» **Problem**:
Below is a listing; print exactly its lines from the one containing "новый товар 1" down to the one containing "Vuoden-efimalainen-Heidi-web-1 Vuoden efimalaiseksi", both inclusive, with every picture left out.

» **Supplied data**:
________
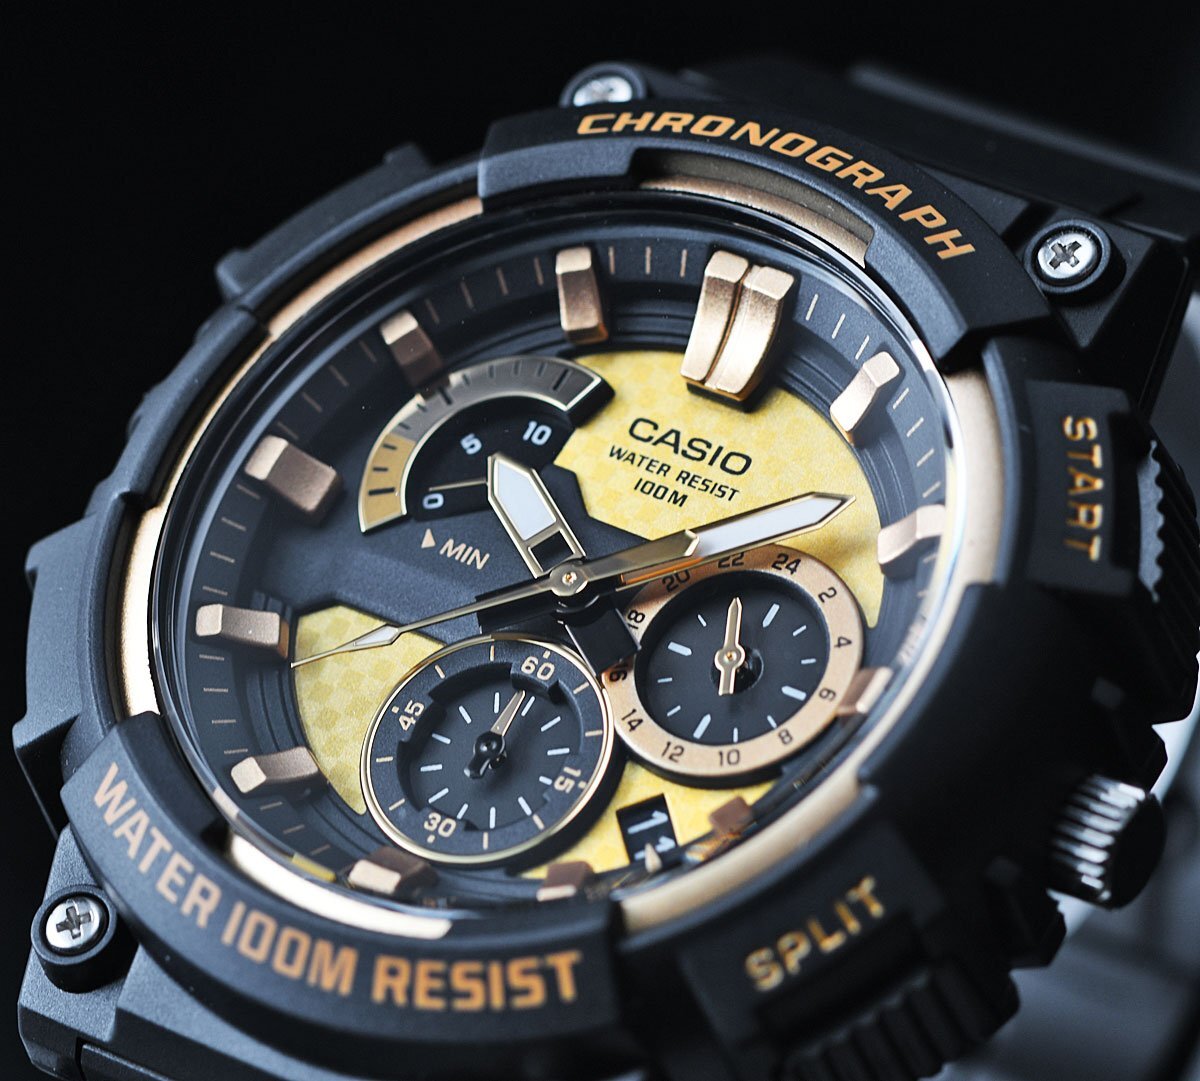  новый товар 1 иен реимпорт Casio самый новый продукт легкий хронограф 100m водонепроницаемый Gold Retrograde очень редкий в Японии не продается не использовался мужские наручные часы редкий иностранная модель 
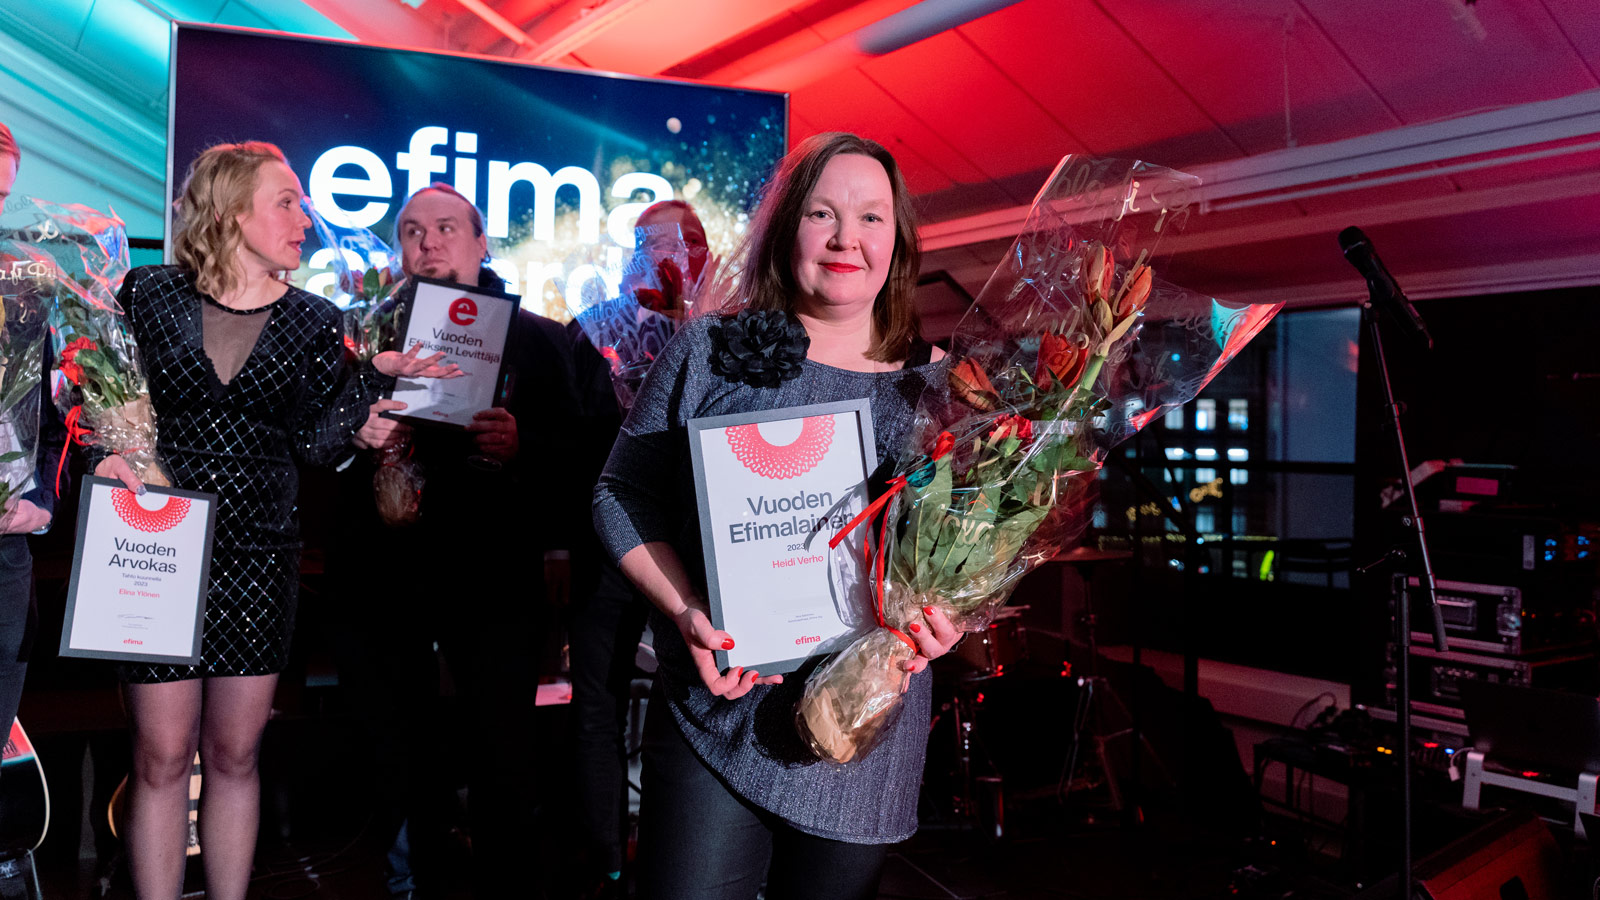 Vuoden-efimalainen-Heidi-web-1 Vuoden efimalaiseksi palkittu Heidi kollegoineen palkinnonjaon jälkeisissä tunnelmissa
________
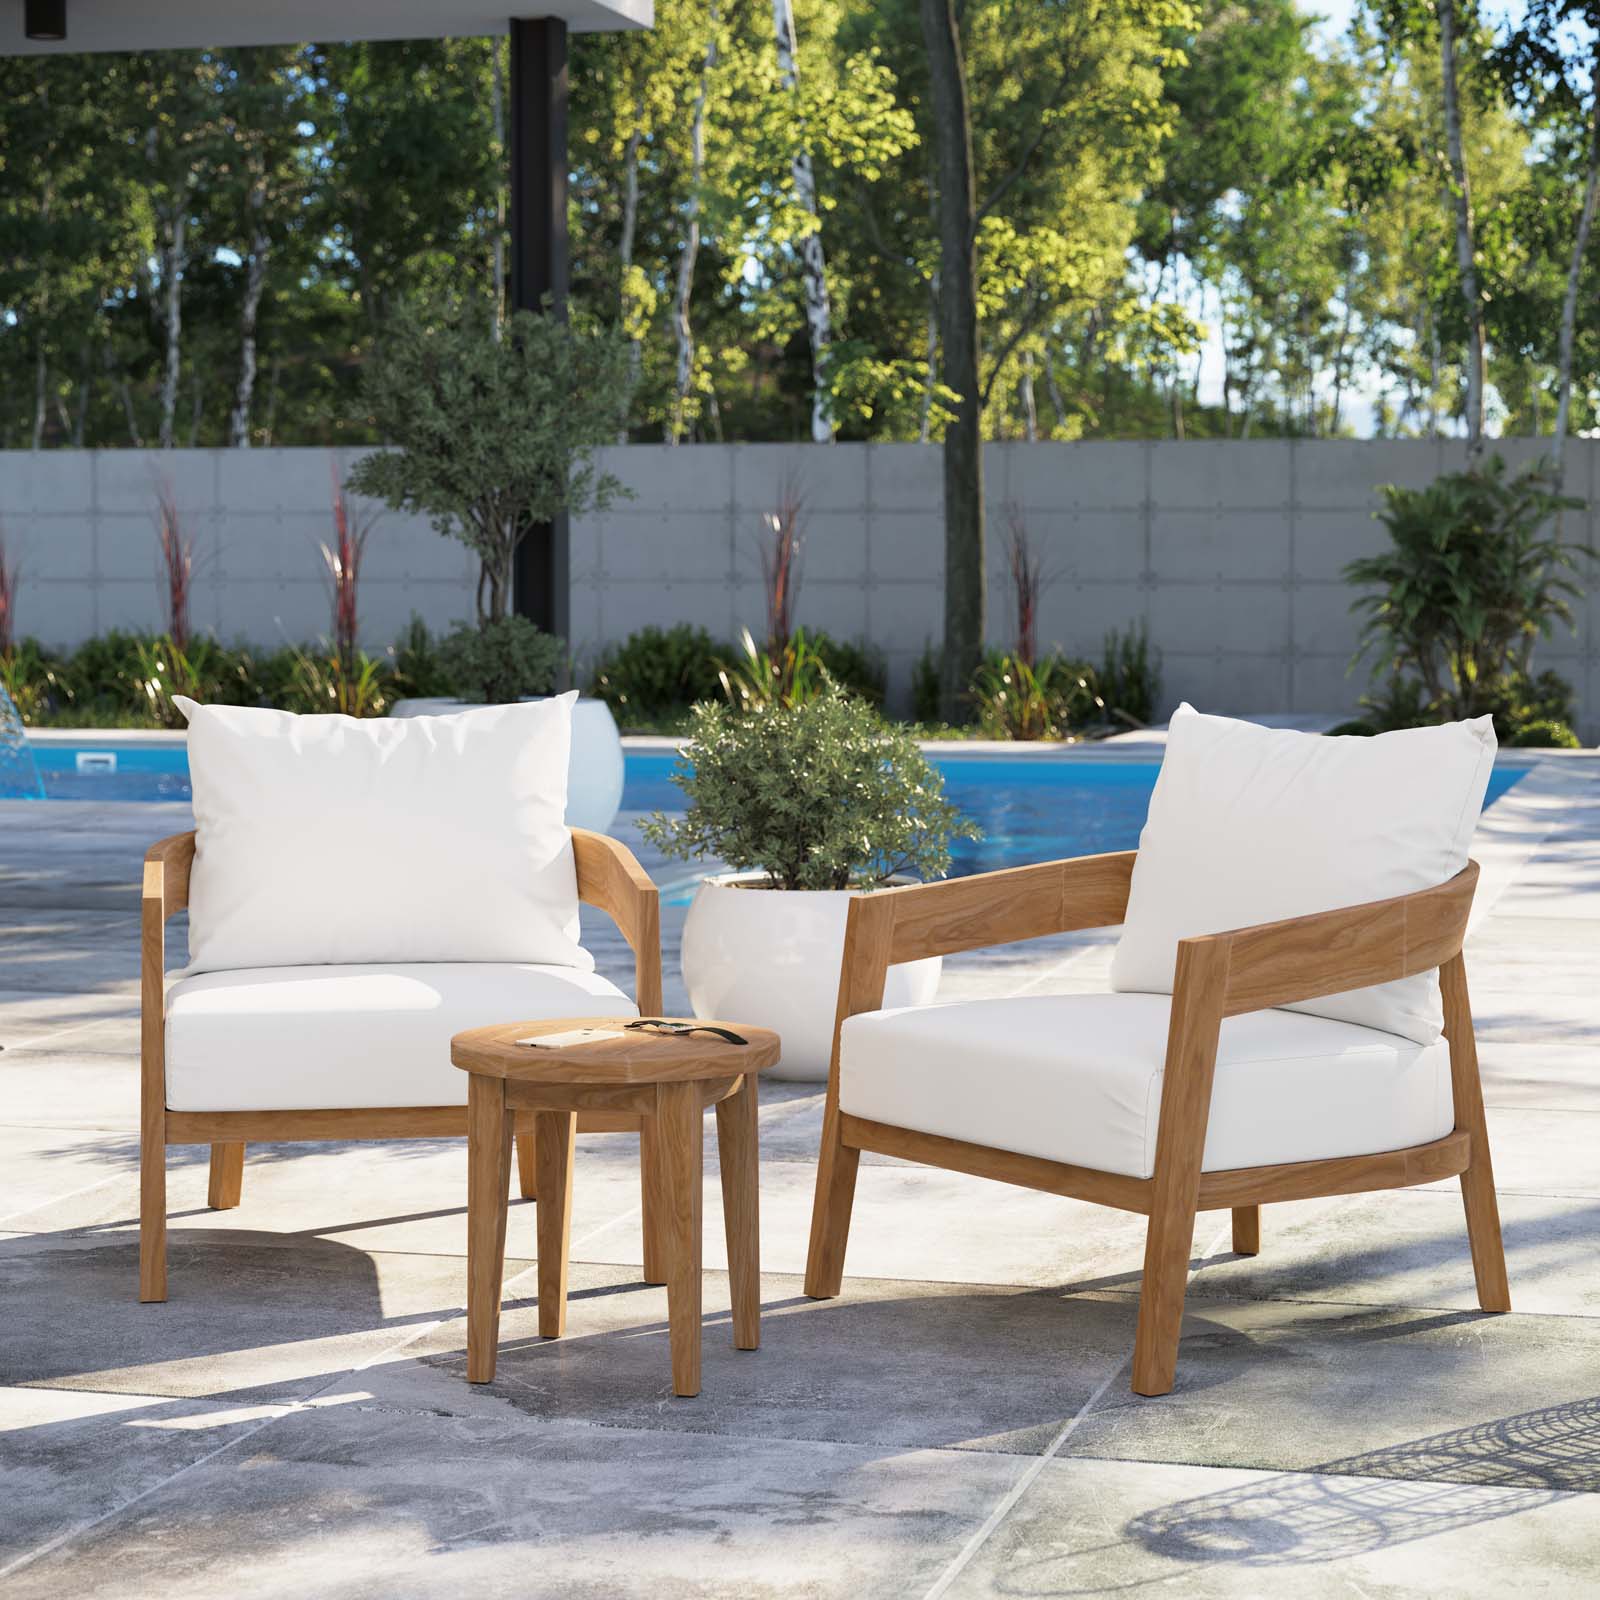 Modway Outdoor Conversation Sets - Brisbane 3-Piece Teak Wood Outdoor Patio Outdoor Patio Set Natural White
________
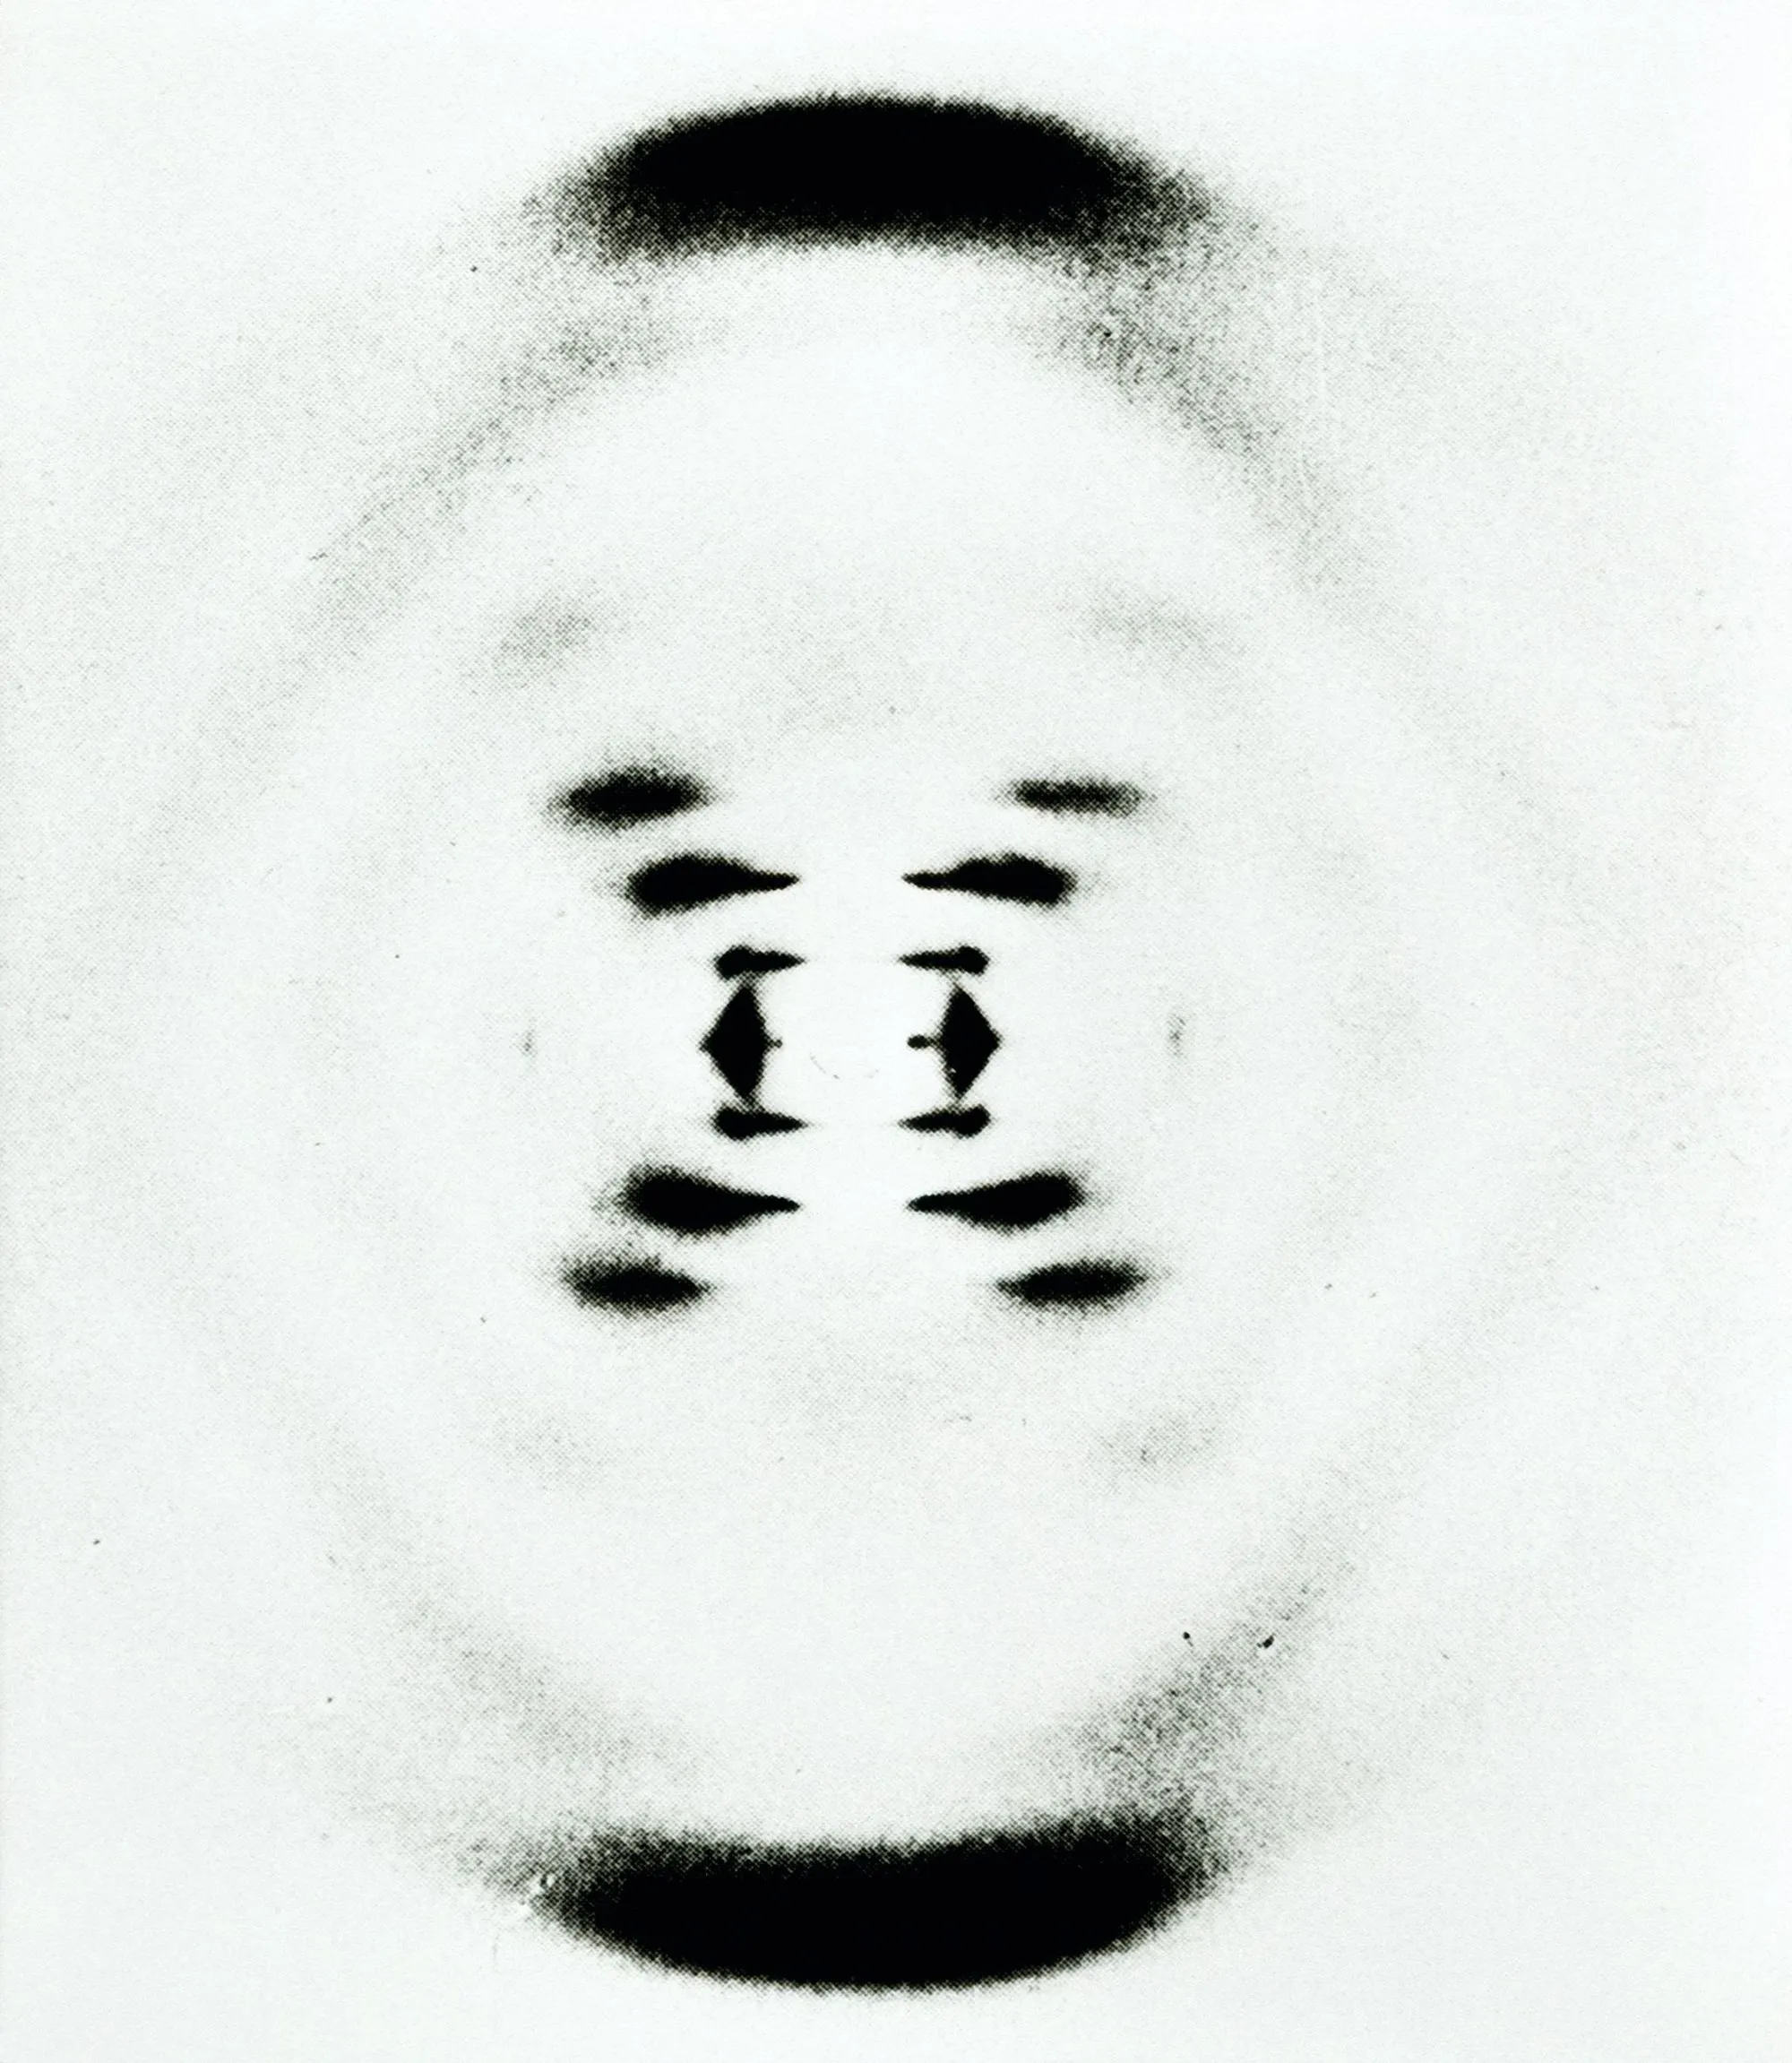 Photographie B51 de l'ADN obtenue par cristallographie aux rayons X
________
» **Your solution**:
  новый товар 1 иен реимпорт Casio самый новый продукт легкий хронограф 100m водонепроницаемый Gold Retrograde очень редкий в Японии не продается не использовался мужские наручные часы редкий иностранная модель 
 Vuoden-efimalainen-Heidi-web-1 Vuoden efimalaiseksi palkittu Heidi kollegoineen palkinnonjaon jälkeisissä tunnelmissa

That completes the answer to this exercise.